- Opening Delimiter -

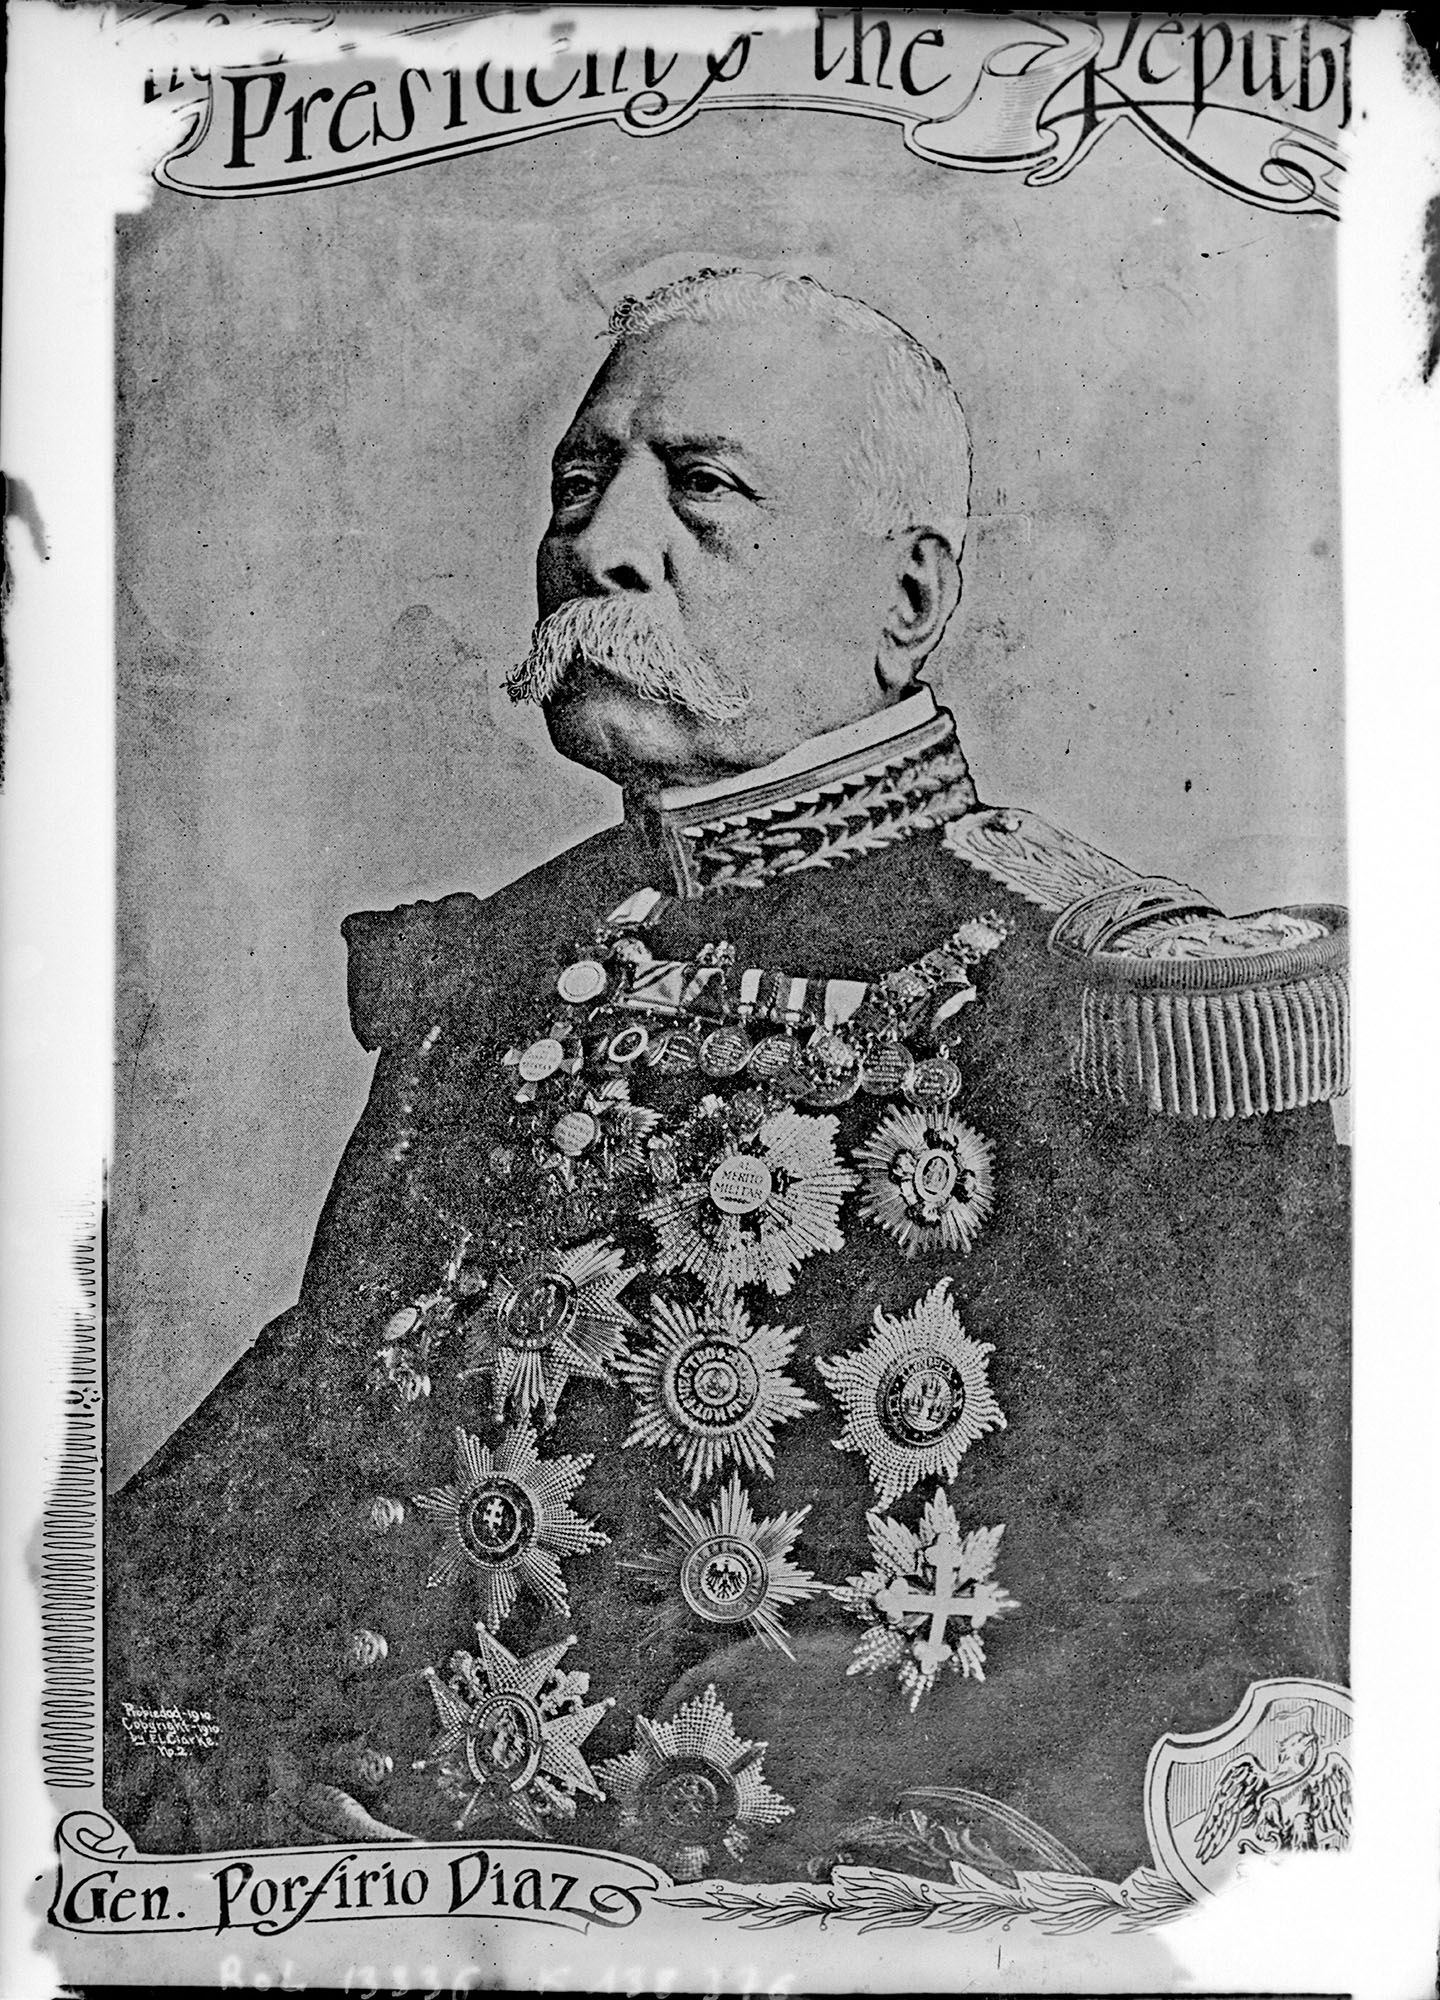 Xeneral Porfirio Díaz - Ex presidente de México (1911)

- Closing Delimiter -
- Opening Delimiter -

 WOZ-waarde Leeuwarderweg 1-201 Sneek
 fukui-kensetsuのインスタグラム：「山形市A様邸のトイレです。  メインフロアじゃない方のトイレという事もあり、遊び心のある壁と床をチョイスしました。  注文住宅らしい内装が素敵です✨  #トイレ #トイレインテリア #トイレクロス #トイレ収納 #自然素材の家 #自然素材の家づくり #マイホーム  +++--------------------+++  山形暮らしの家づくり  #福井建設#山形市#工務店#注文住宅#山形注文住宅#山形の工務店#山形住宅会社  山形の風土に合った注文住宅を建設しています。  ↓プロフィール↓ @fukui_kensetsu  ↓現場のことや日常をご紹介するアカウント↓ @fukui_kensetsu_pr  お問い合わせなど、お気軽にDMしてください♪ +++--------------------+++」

- Closing Delimiter -
- Opening Delimiter -

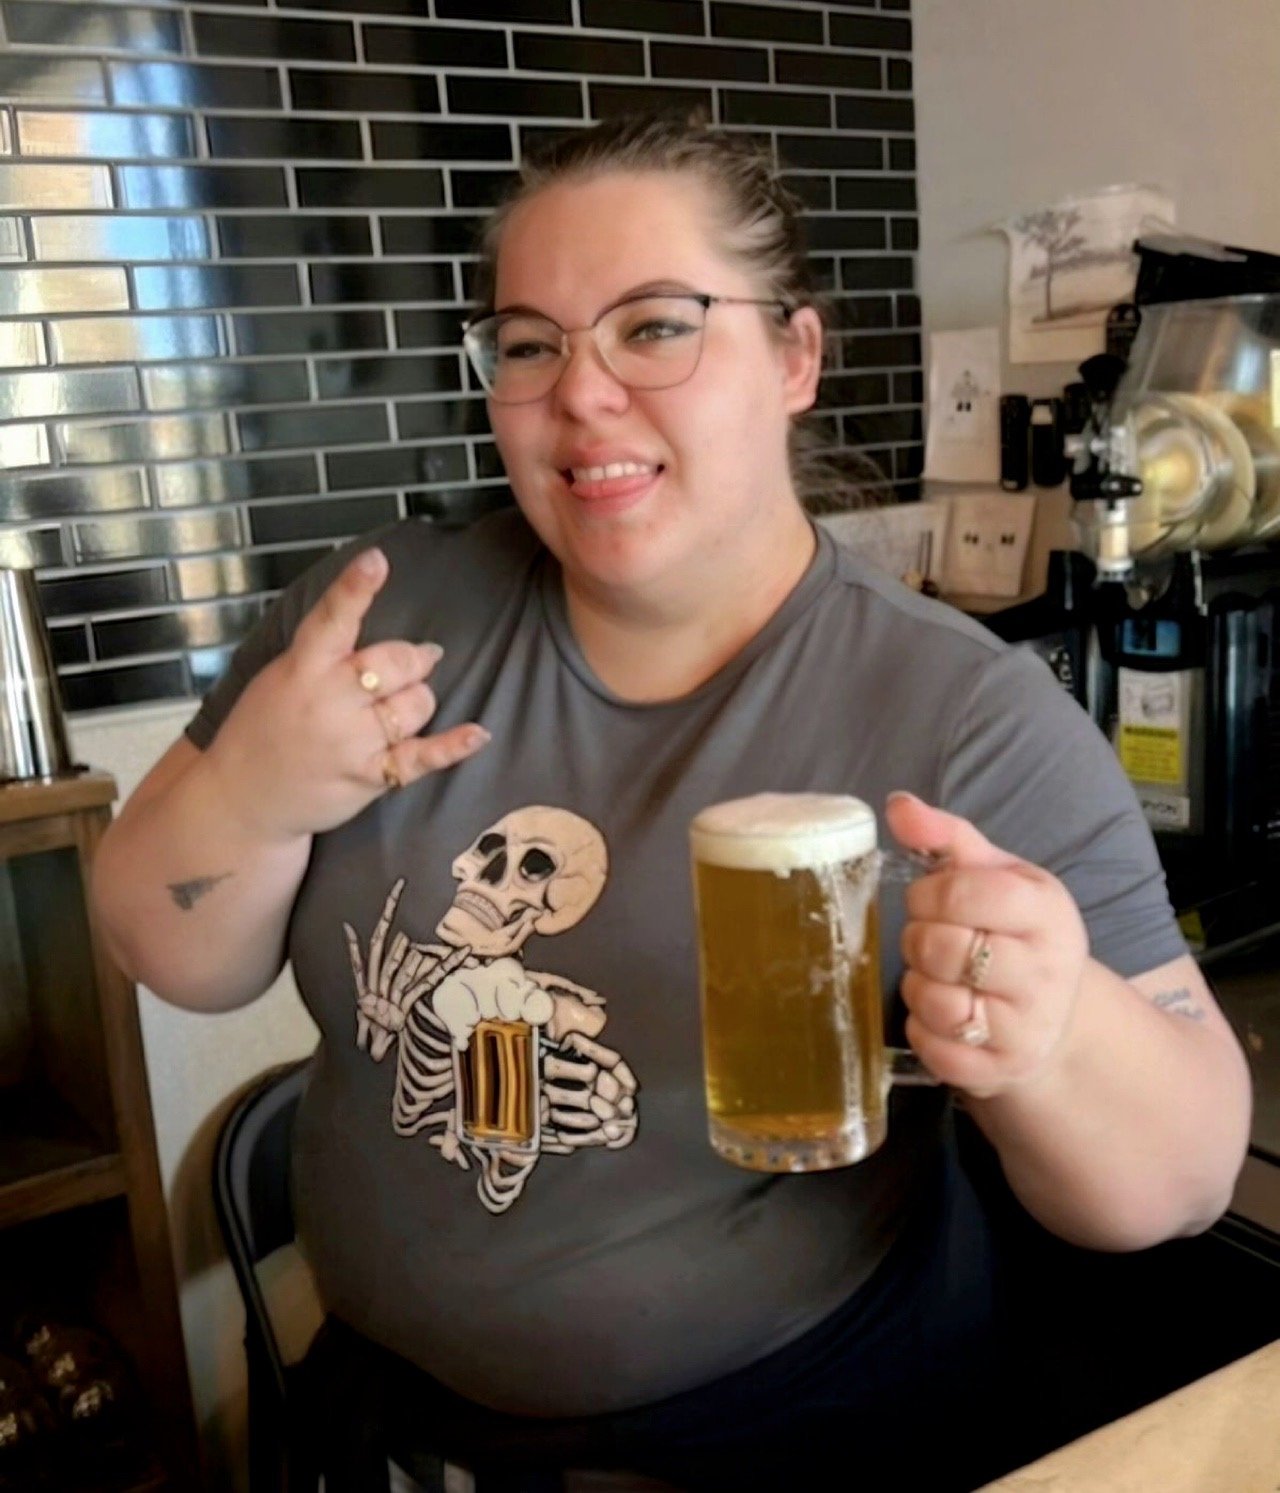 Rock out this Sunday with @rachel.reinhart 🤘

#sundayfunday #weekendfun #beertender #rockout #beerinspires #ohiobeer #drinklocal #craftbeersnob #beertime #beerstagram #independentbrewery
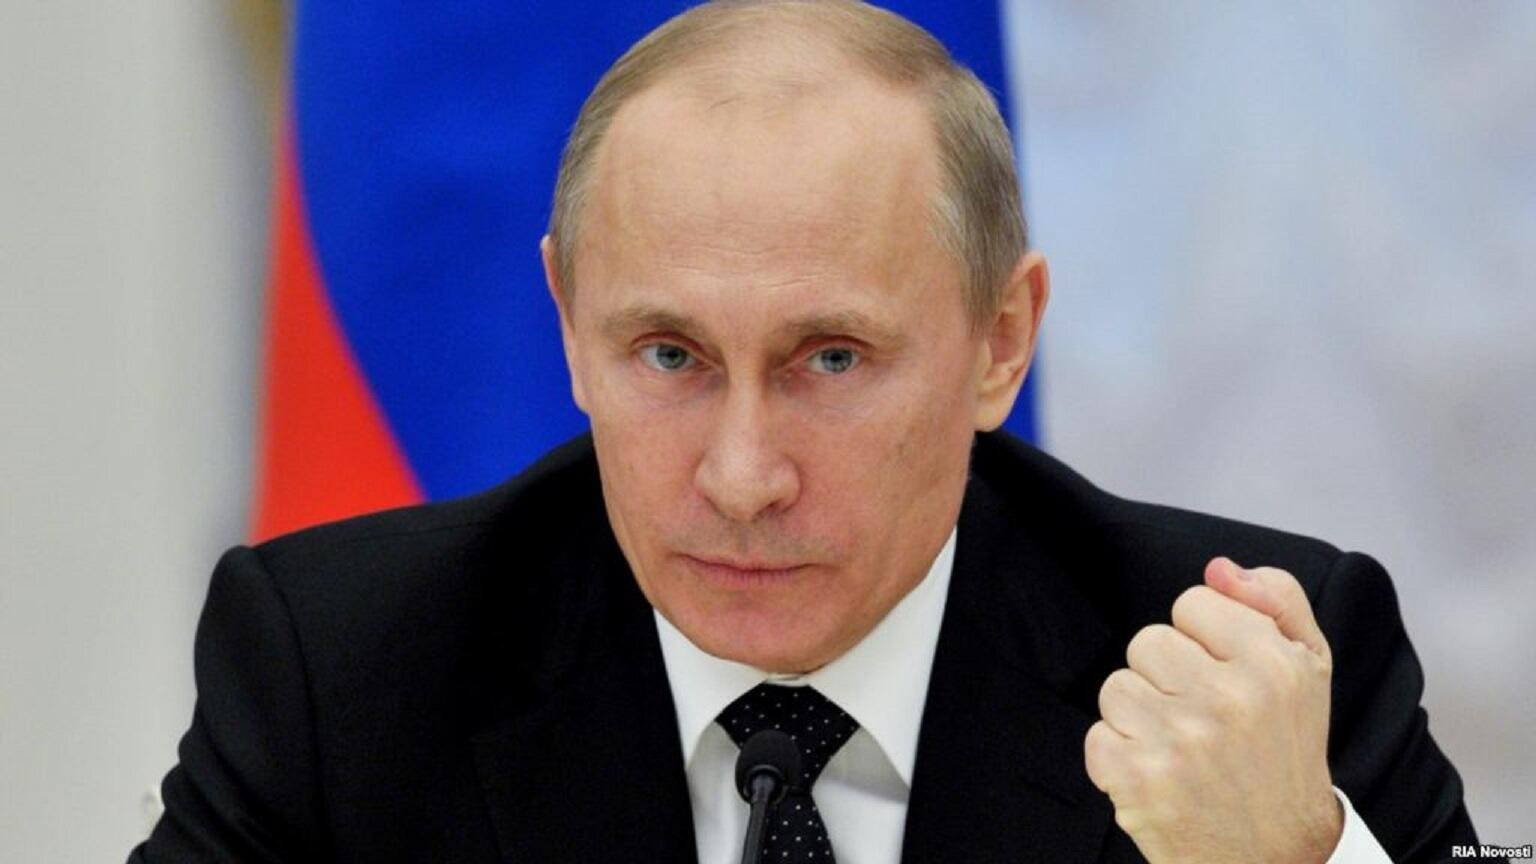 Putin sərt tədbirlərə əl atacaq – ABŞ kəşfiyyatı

- Closing Delimiter -

*Exercise goal*:
In the listing above, find the line containing "Rock out this Sunday with @rachel.reinhart 🤘". Output it and every line after it up to and including the line containing "Putin sərt tədbirlərə", exactly, but skip the pictures.

*Written answer*:
 Rock out this Sunday with @rachel.reinhart 🤘

#sundayfunday #weekendfun #beertender #rockout #beerinspires #ohiobeer #drinklocal #craftbeersnob #beertime #beerstagram #independentbrewery
 Putin sərt tədbirlərə əl atacaq – ABŞ kəşfiyyatı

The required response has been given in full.